#### Directions:
Could you give the listing again exactly, without its pictures?

#### Data excerpt:

--------

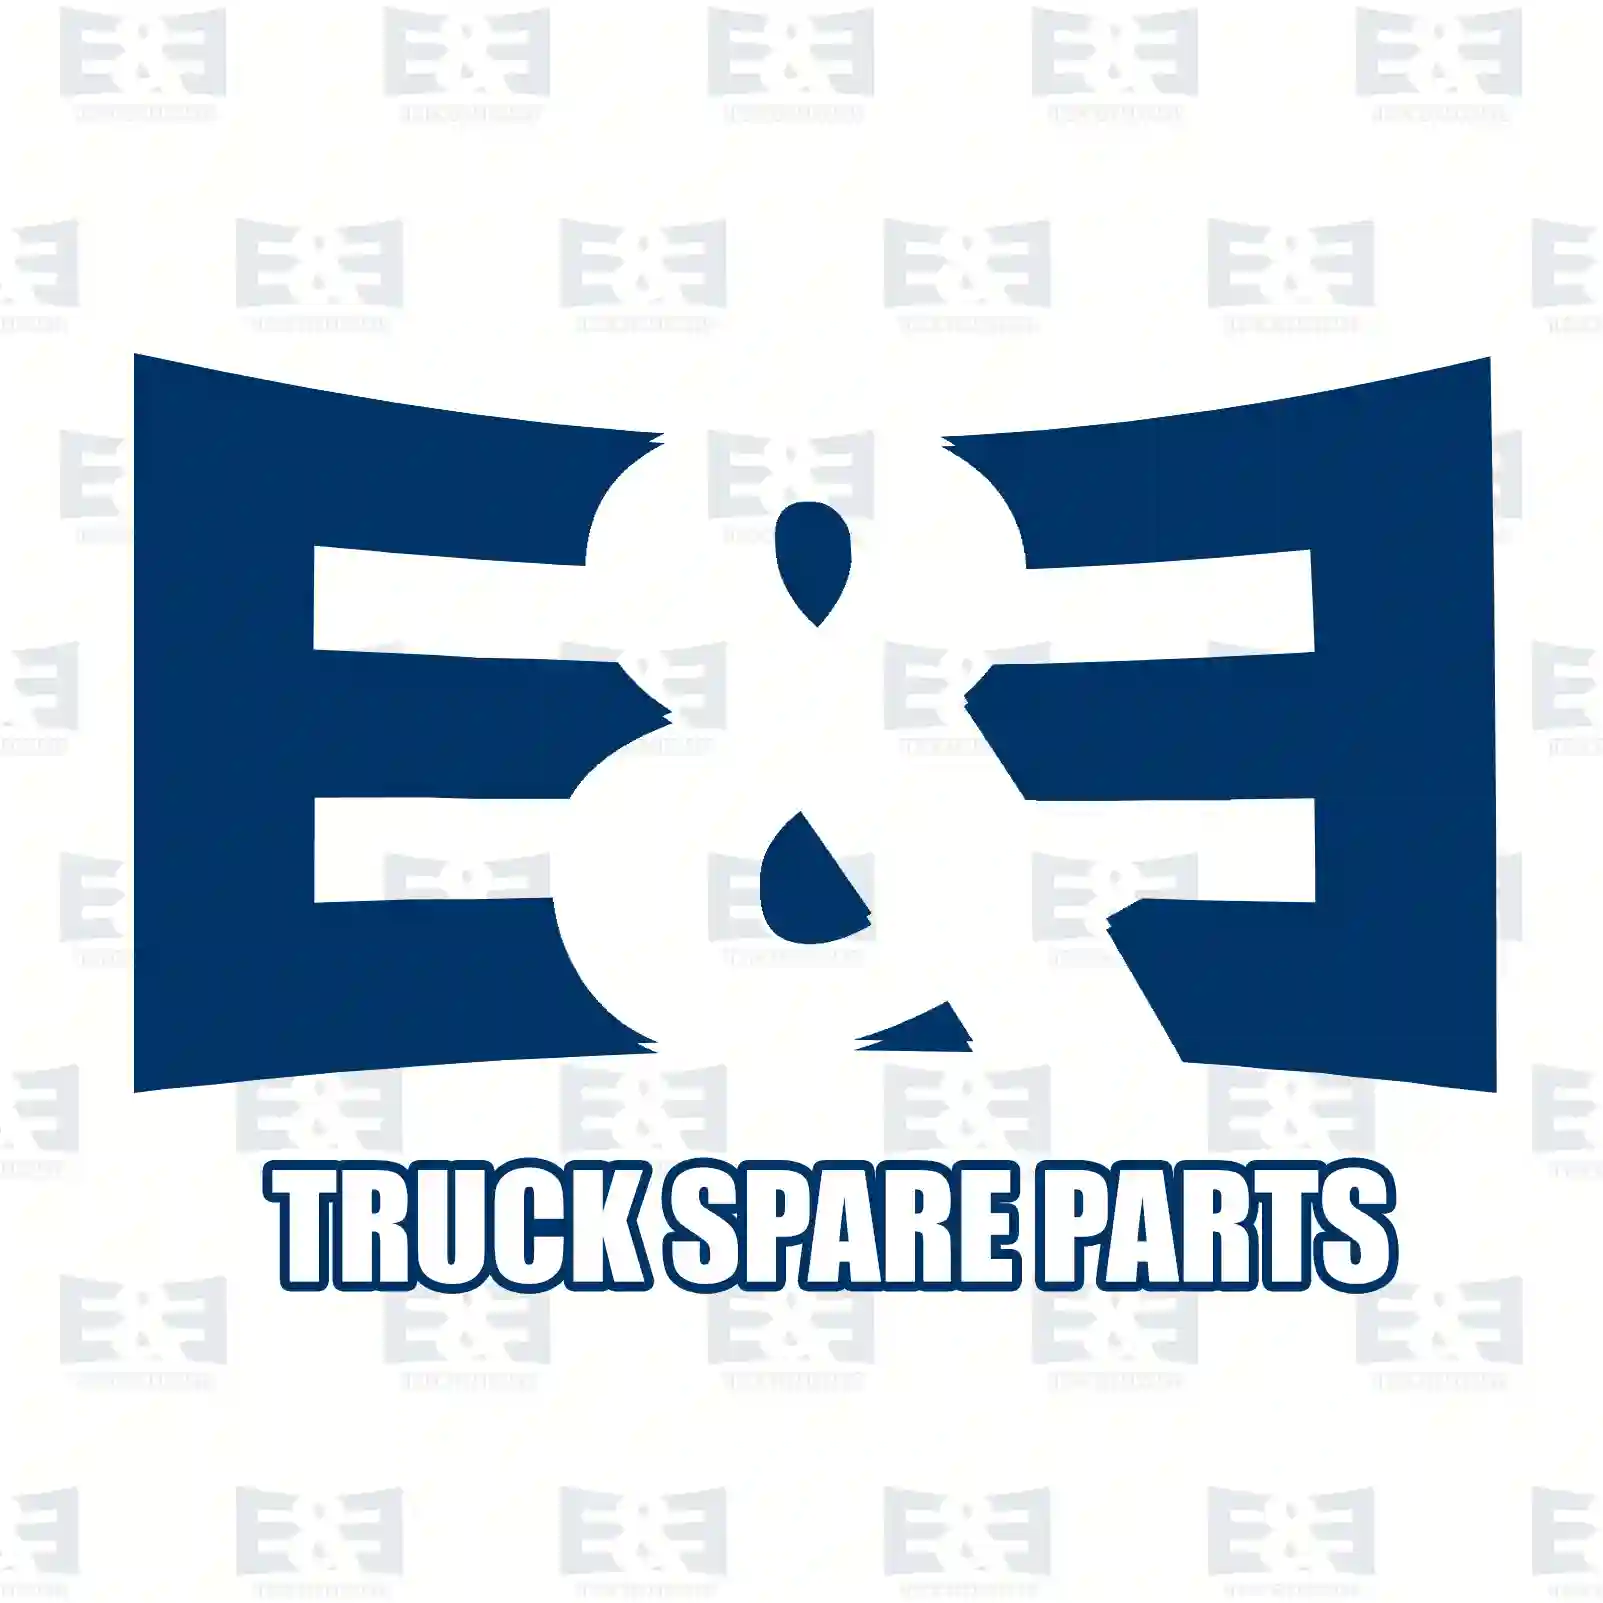 Oil seal, 2E2277914, 40101843, 40101840, 40101940, ||  2E2277914 E&E Truck Spare Parts | Truck Spare Parts, Auotomotive Spare Parts Oil seal, 2E2277914, 40101843, 40101840, 40101940, ||  2E2277914 E&E Truck Spare Parts | Truck Spare Parts, Auotomotive Spare Parts
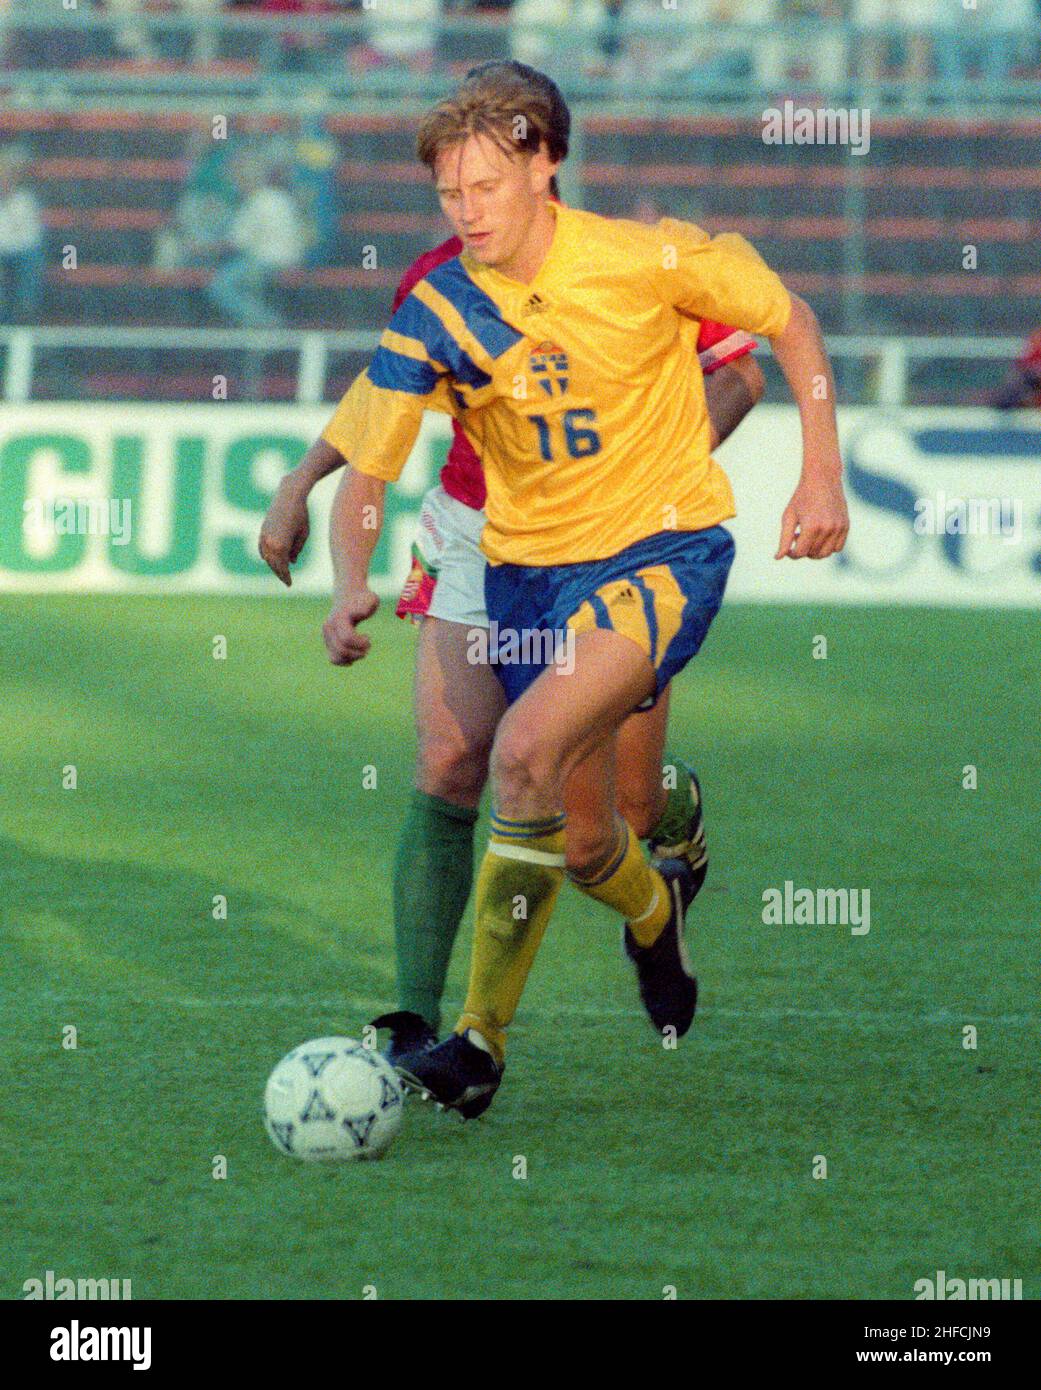 KENNET ANDERSSON joueur de football en équipe nationale suédoise et professionnel en Belgique Mechelem lors du Championnat d'Europe en Suède 1992 Banque D'Images
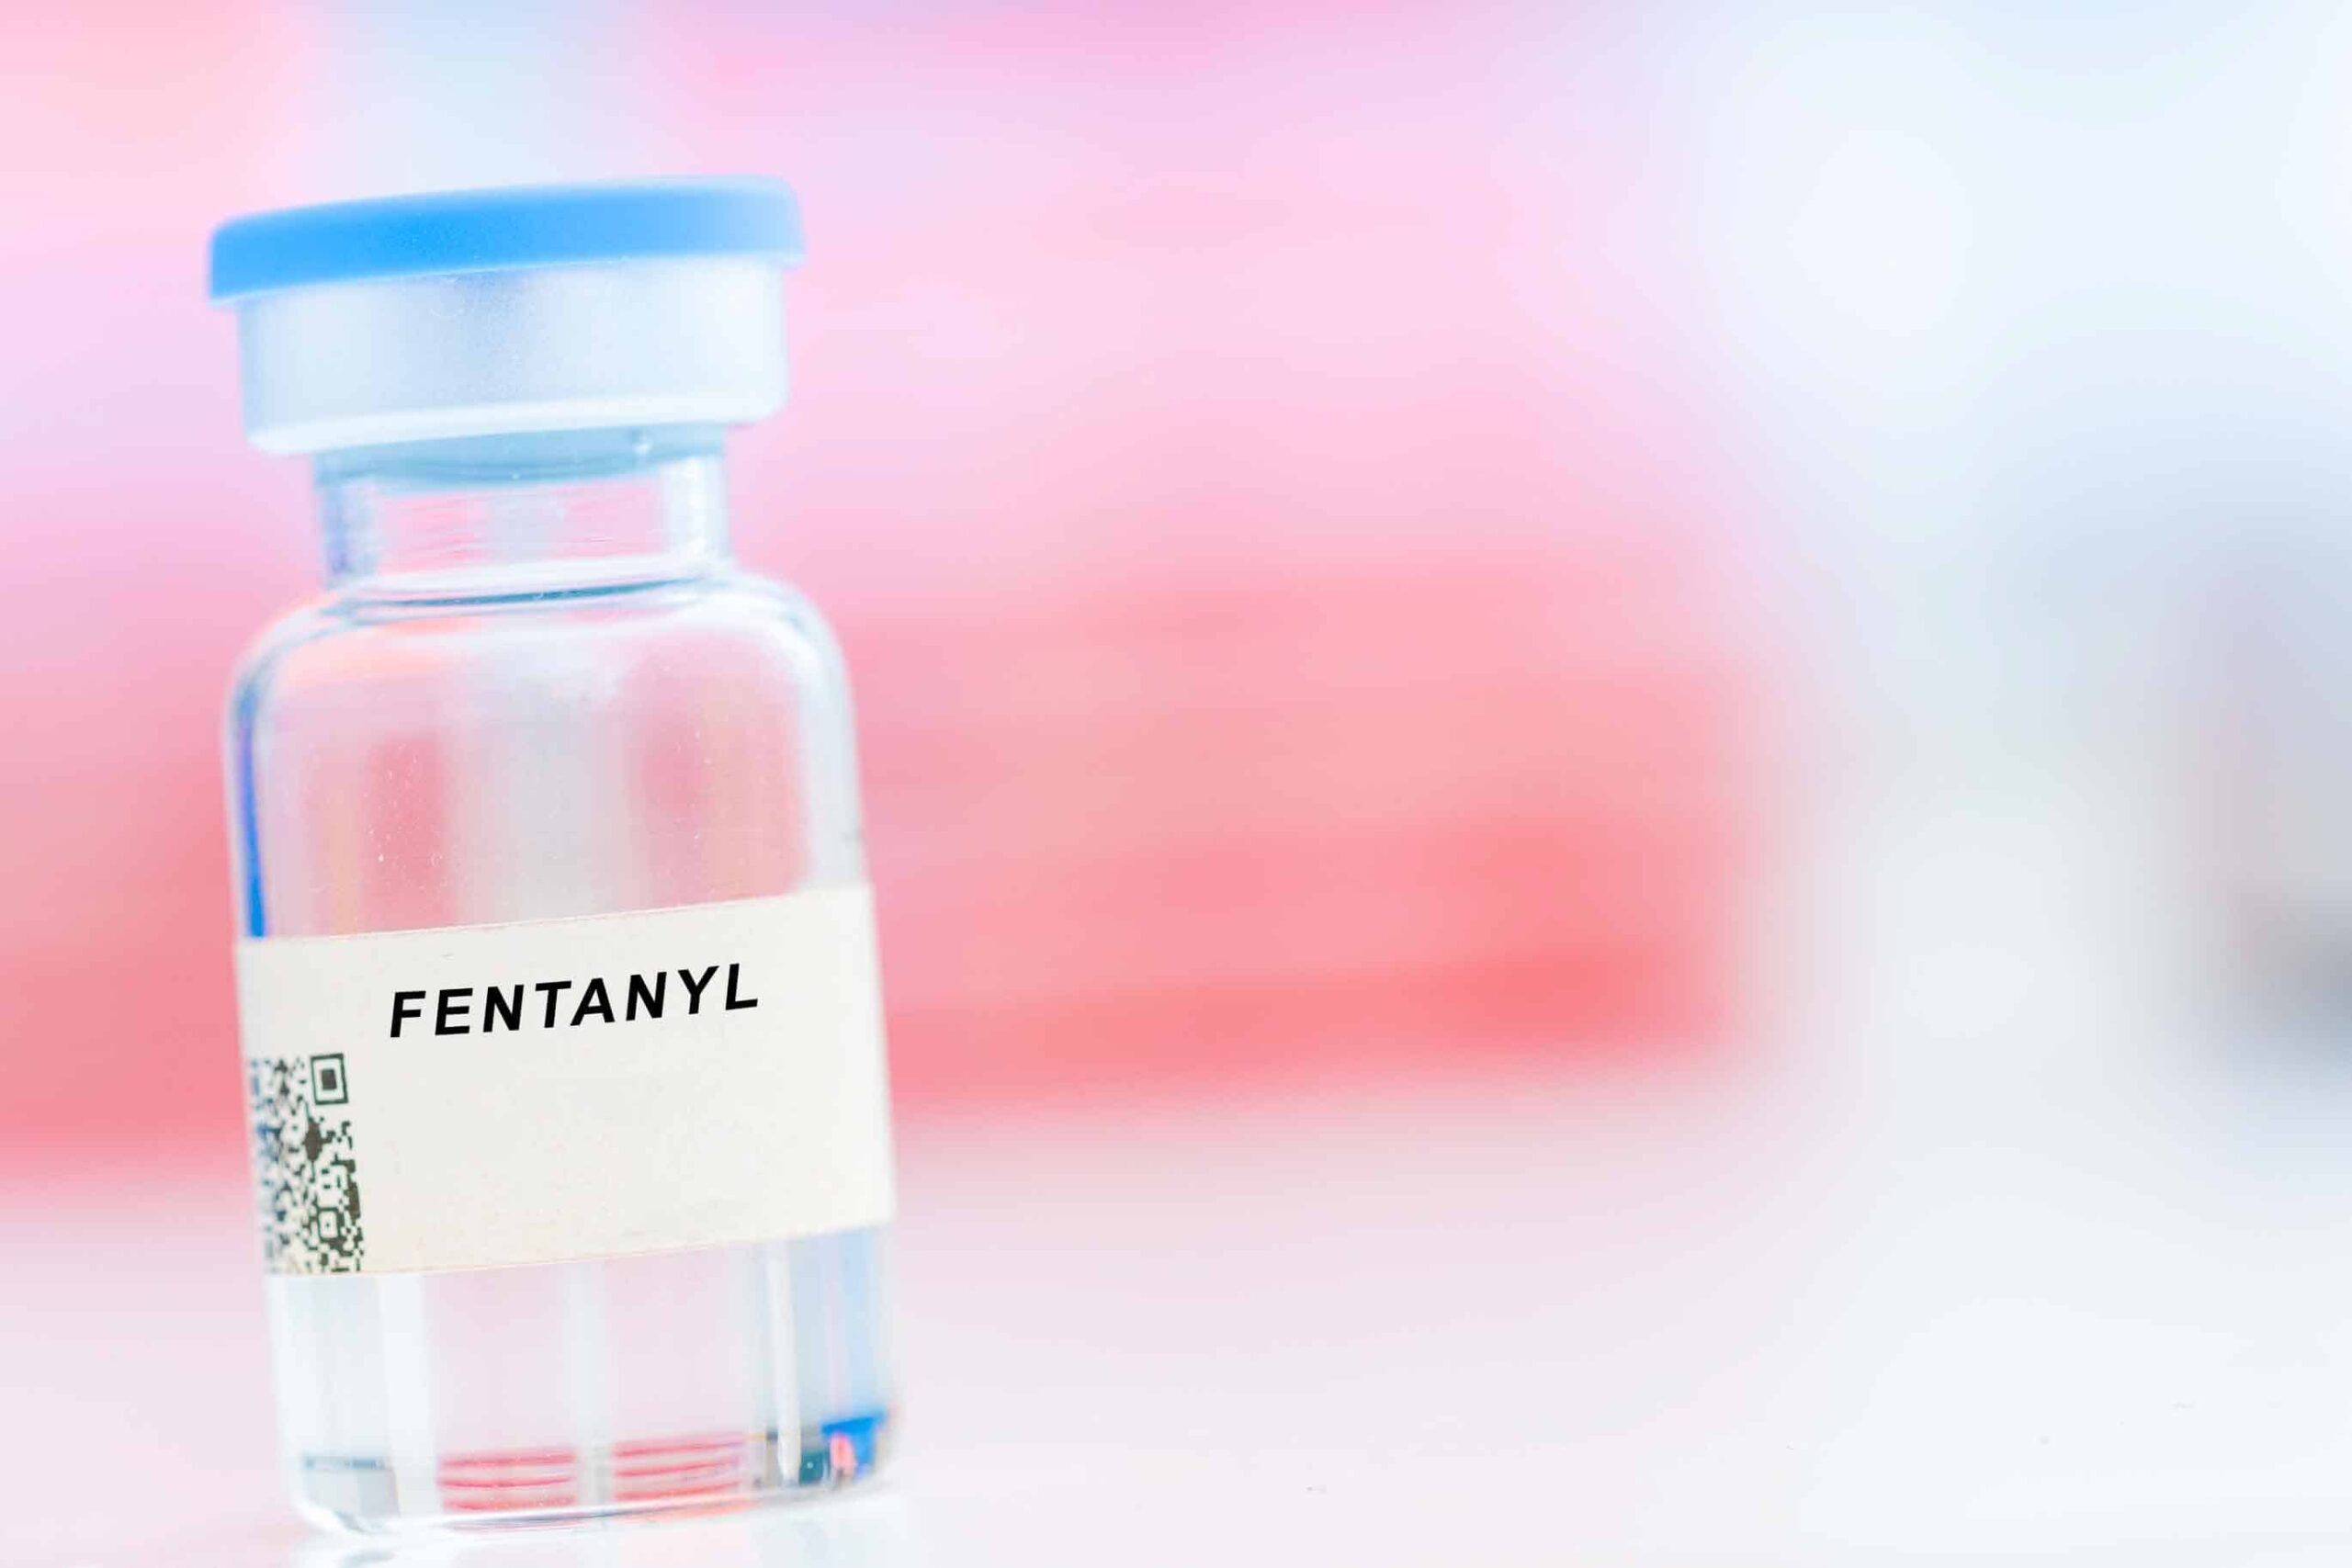 Las sobredosis de fentanilo experimentan un aumento dramático en los EE. UU., según un informe

--------

#### Task answer:
 Oil seal, 2E2277914, 40101843, 40101840, 40101940, ||  2E2277914 E&E Truck Spare Parts | Truck Spare Parts, Auotomotive Spare Parts Oil seal, 2E2277914, 40101843, 40101840, 40101940, ||  2E2277914 E&E Truck Spare Parts | Truck Spare Parts, Auotomotive Spare Parts
 KENNET ANDERSSON joueur de football en équipe nationale suédoise et professionnel en Belgique Mechelem lors du Championnat d'Europe en Suède 1992 Banque D'Images
 Las sobredosis de fentanilo experimentan un aumento dramático en los EE. UU., según un informe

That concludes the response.